Fitzroy, Helm One, was answering questions for the committee at Sol One. Graff said, glumly: “Tanzer’s threatening to make an issue out of their command rules.”

Demas shook his head. “Let him make it. That’ll get me to the stand surer than the nav stats would. And I don’t think he wants that.”

One could wish. But one couldn’t get technical with the legislative types. With the engineers, yes. “They’d talk to Demas. But the engineers couldn’t talk policy to the legislators. Couldn’t get through their own management.”

“I keep having this feeling they’re going to blindside us.”

“You’ll handle it.
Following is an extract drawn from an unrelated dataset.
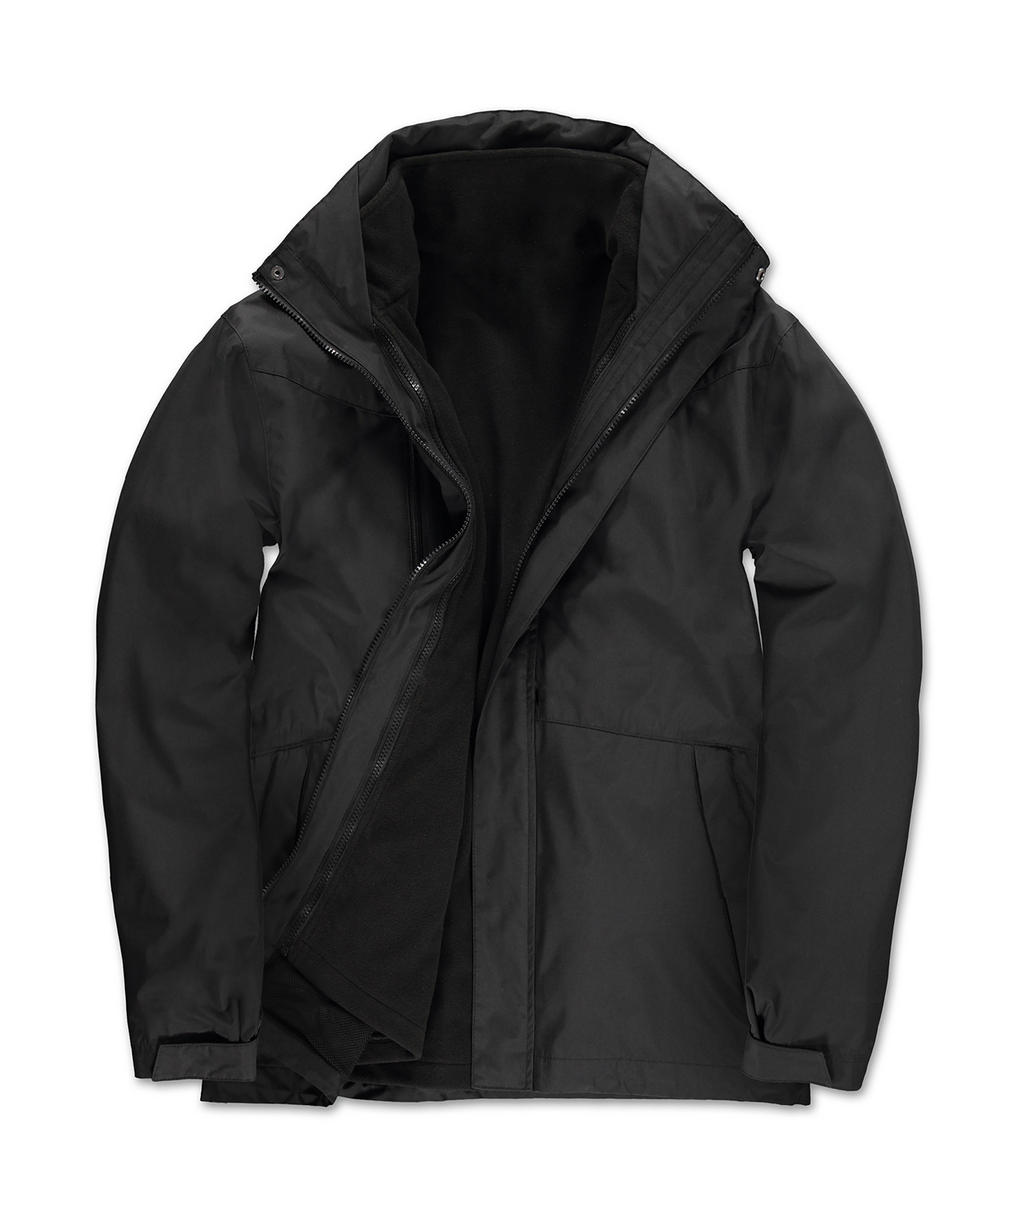  Corporate 3-in-1 Jacket in Farbe Black

No question. Easy done.”

Keu’s silence was overall the most troublesome thing. Graff finished off his coffee, took the bolt and pocketed it. “Paperweight. Every paperpusher should have one. —Tell the construction boss I want to talk to him, in my office, right now.”

“Ought to give him the thing at max v,” Demas said.

“When we find the foreman who faked the parts count— I’d be willing.” Graff headed for the door, tossed his cup in the collection bin.

Ben was back. Ben had been in the hall a while. Ben sat down with his chair close to the bed, put his hand on his shoulder.

“How’re you doing, Dek?”

“All right.”

“You were remembering, you know that? Pete and Elly? You remember that?”

Ben scared him. “I was dreaming. Sorry, Ben.” If he was dreaming he could be in the Belt. Or the ship.

But Ben shook at his shoulder and said, “Dek, how did you get in the sim? What were you doing in there? I got to get out of here. I got twelve hours, Dek.”